MATERIAL FOR THE TASK.

::::

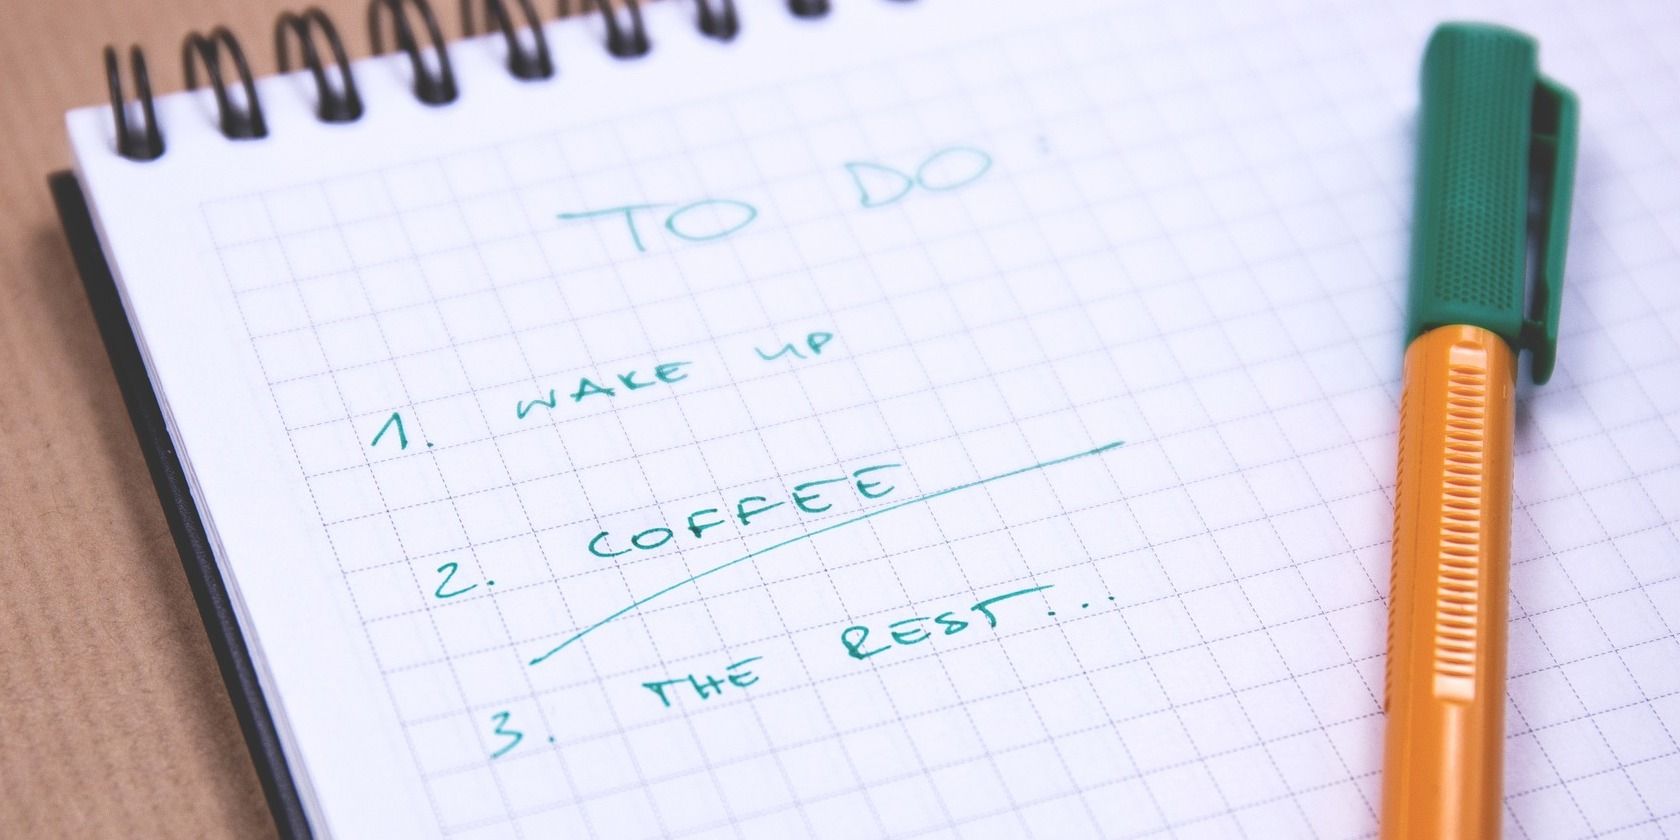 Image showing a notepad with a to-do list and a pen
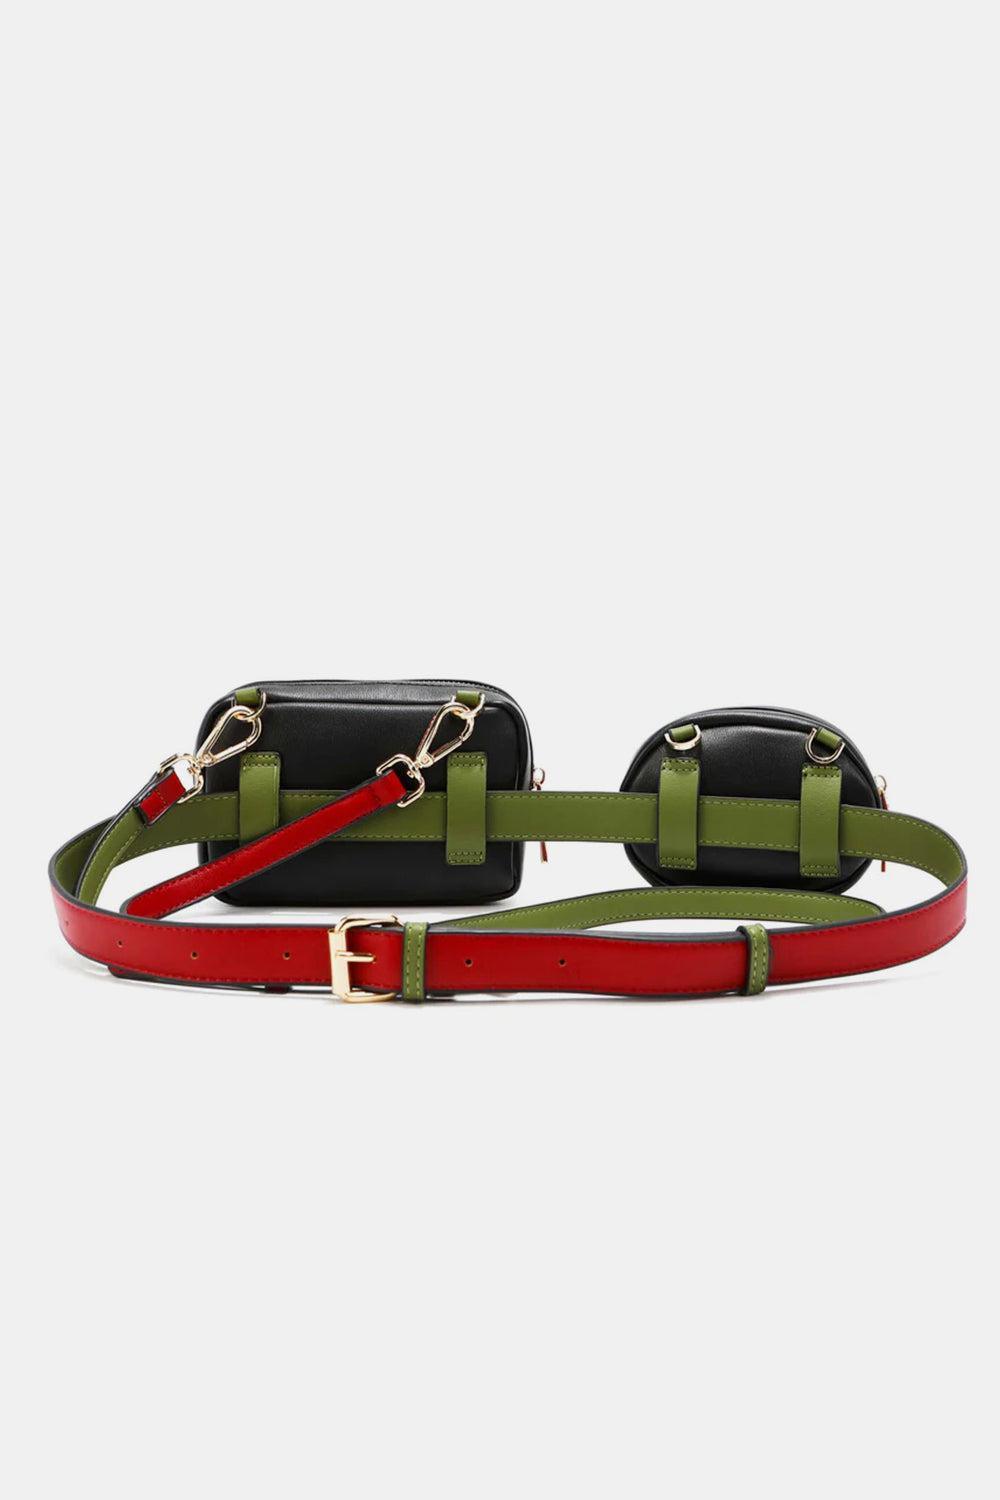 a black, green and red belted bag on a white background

::::

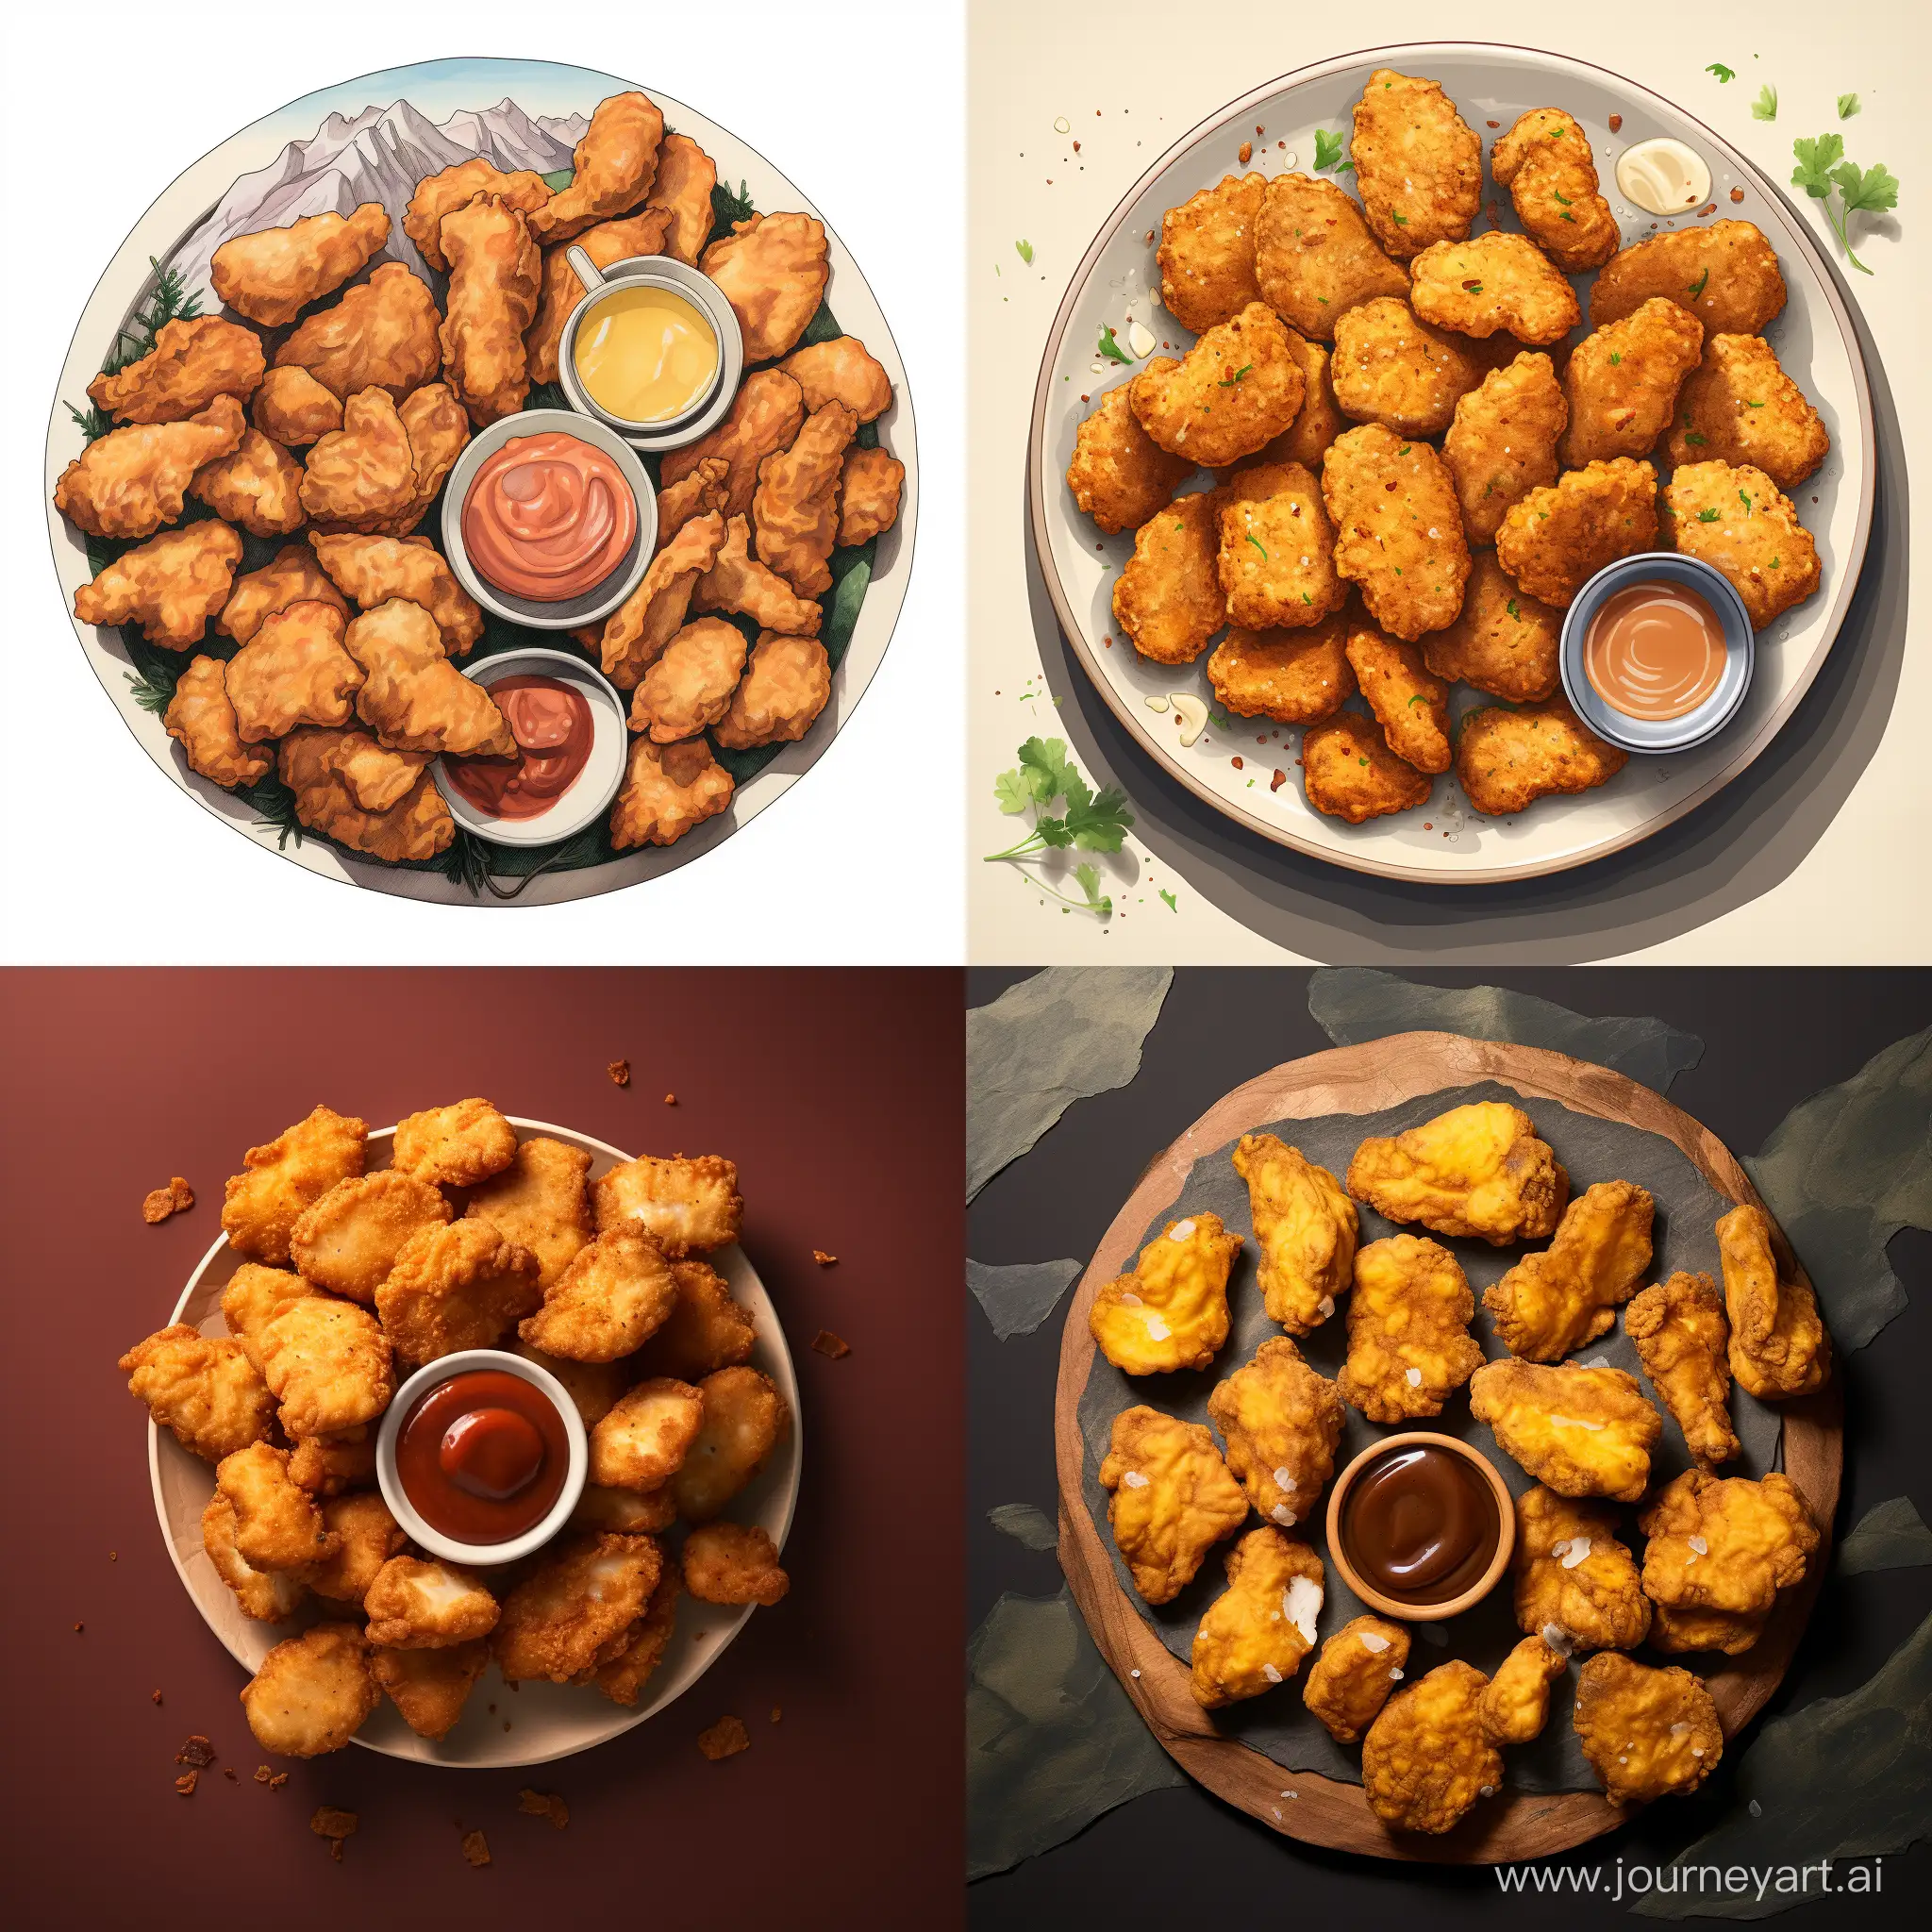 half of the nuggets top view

::::

AIM OF THE TASK.
When you reach the line containing "Image showing a" in the entries above, begin restating word for word, and stop once the line containing "a black, green" has been given. Omit the pictures.

COMPLETED EXERCISE.
 Image showing a notepad with a to-do list and a pen
 a black, green and red belted bag on a white background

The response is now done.